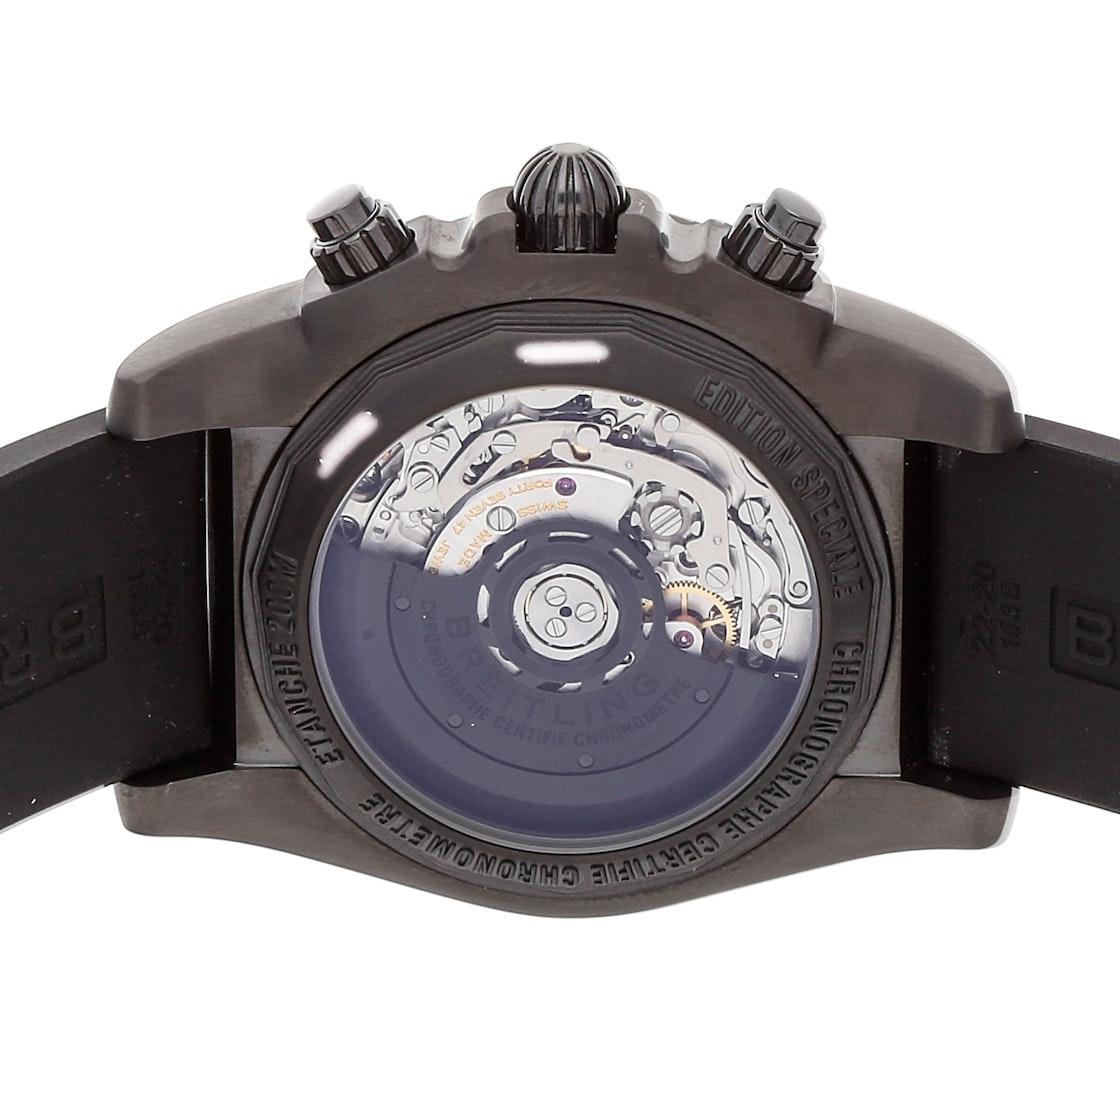 Breitling Black Chronomat 44 Special Edition MB0111C3/I531
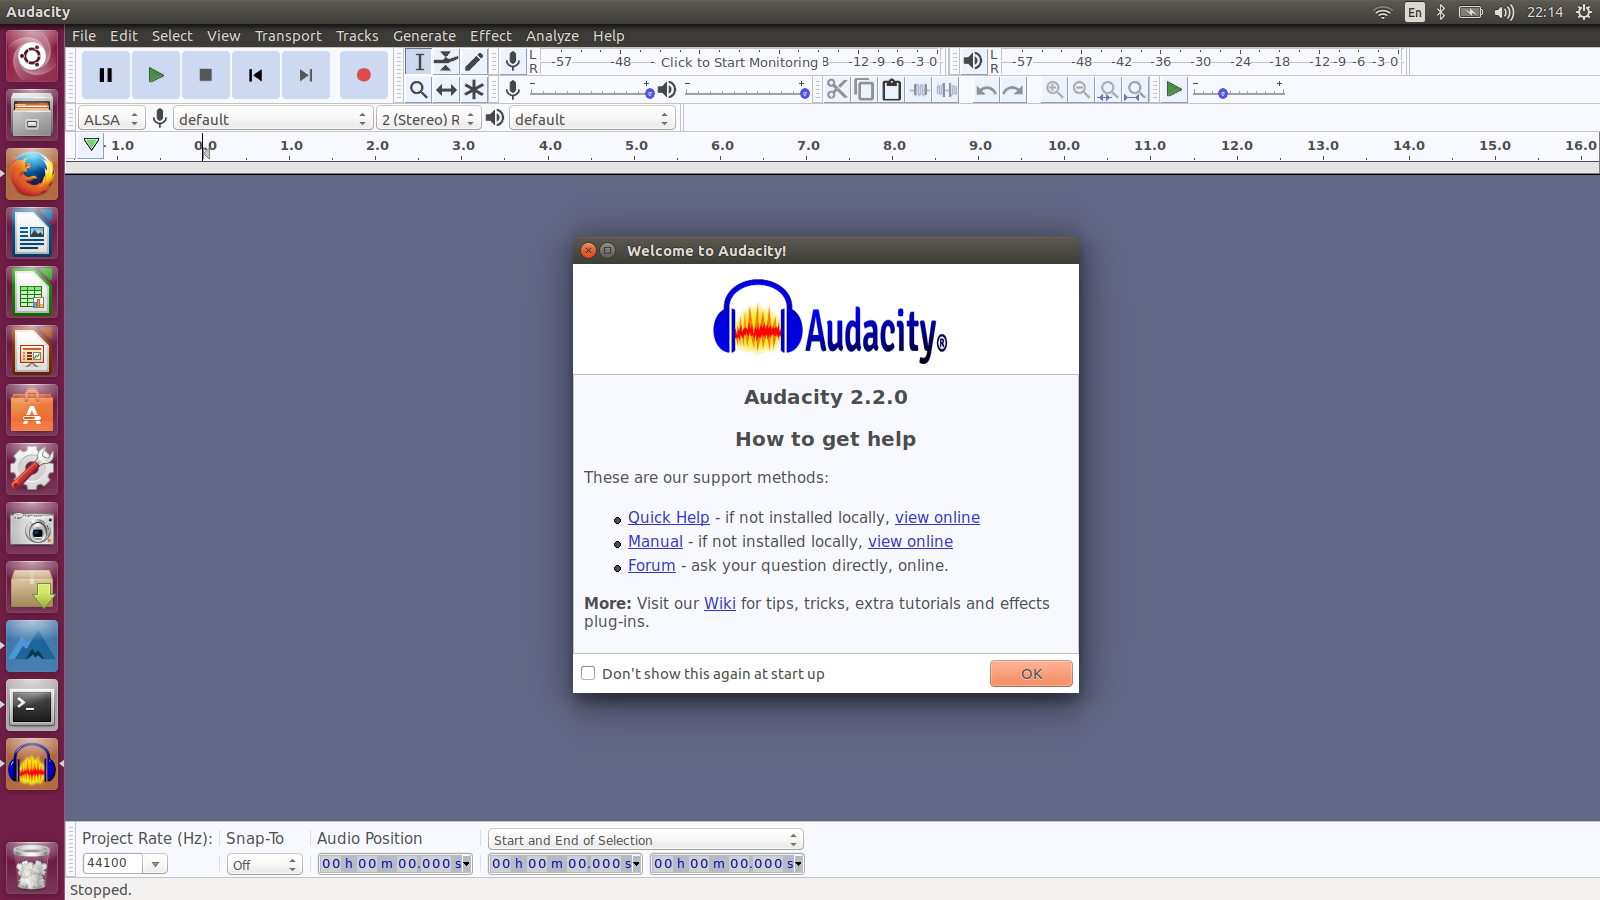 how to install program on ubuntu how to install audacity 2 2 0 via
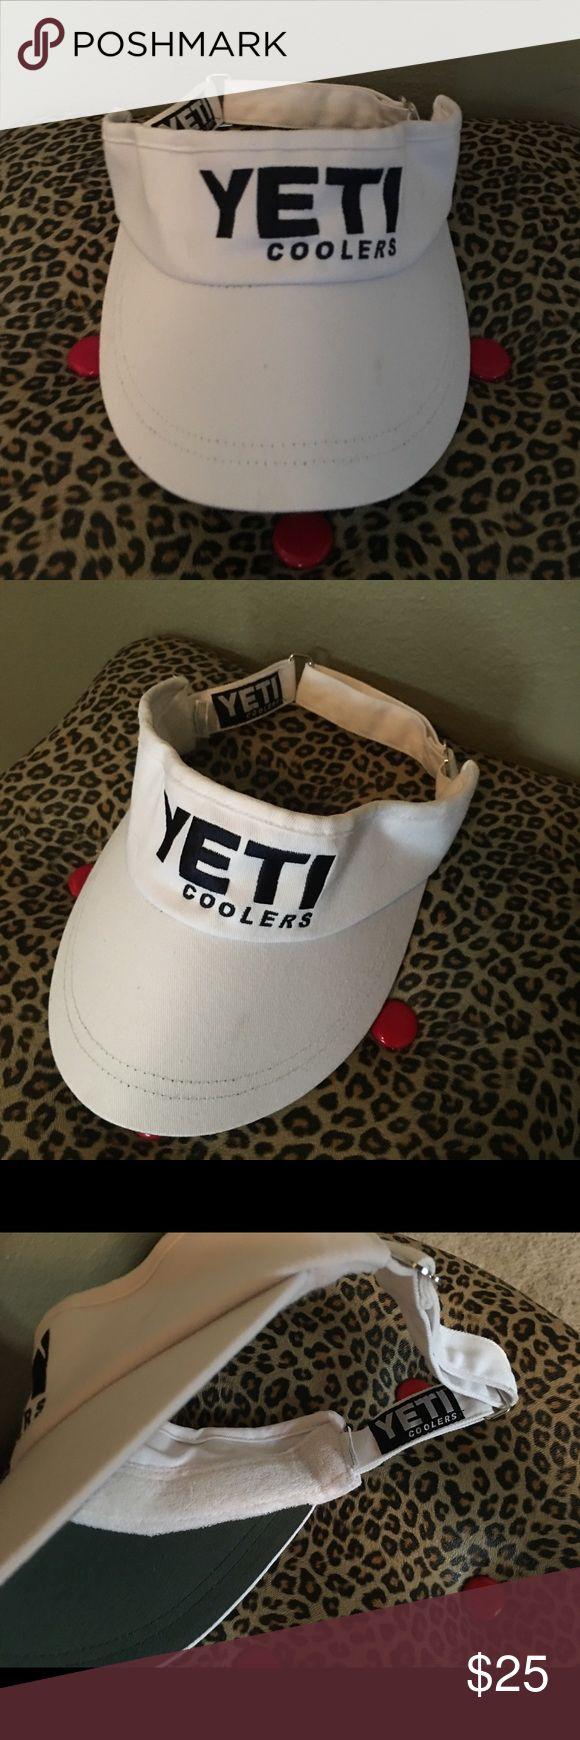 Yeti Sun Visor Awesome white & navy super popular Yeti sun visor ! Perfect summer Visor for the outdoors person :) Yeti Accessories Hats
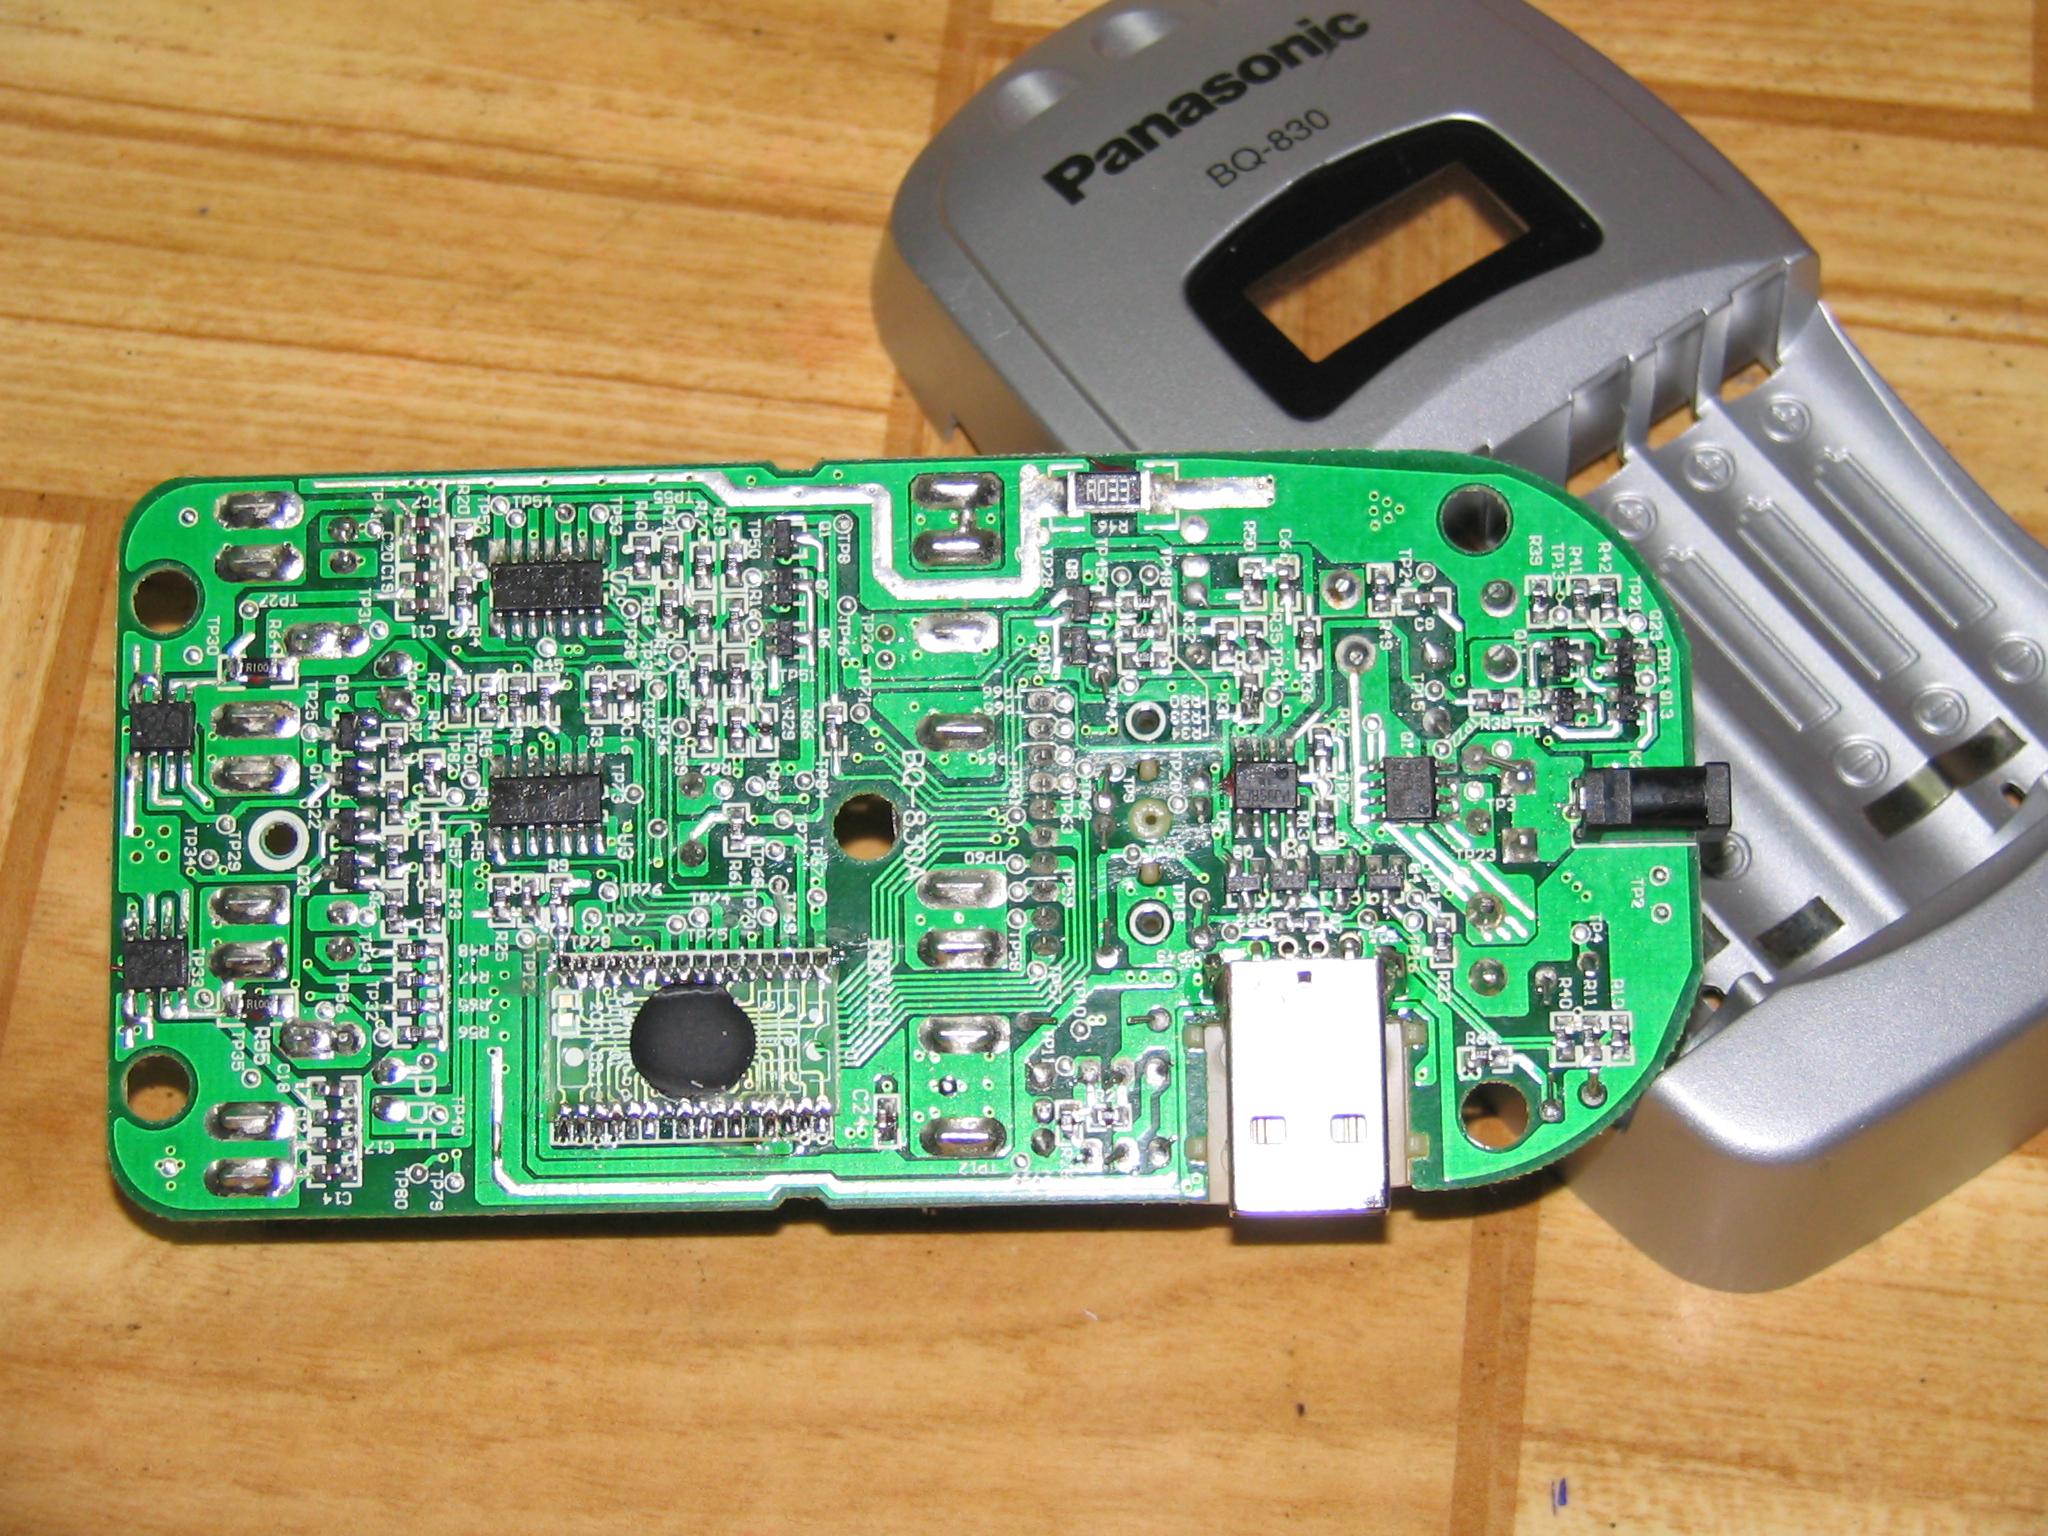 bq-830a智能充电器内部结构!-电源网

» Your assignment
Set the pictures aside and reproduce the data above exactly.

» Response box
 Breitling Black Chronomat 44 Special Edition MB0111C3/I531
 how to install program on ubuntu how to install audacity 2 2 0 via
 Yeti Sun Visor Awesome white & navy super popular Yeti sun visor ! Perfect summer Visor for the outdoors person :) Yeti Accessories Hats
 bq-830a智能充电器内部结构!-电源网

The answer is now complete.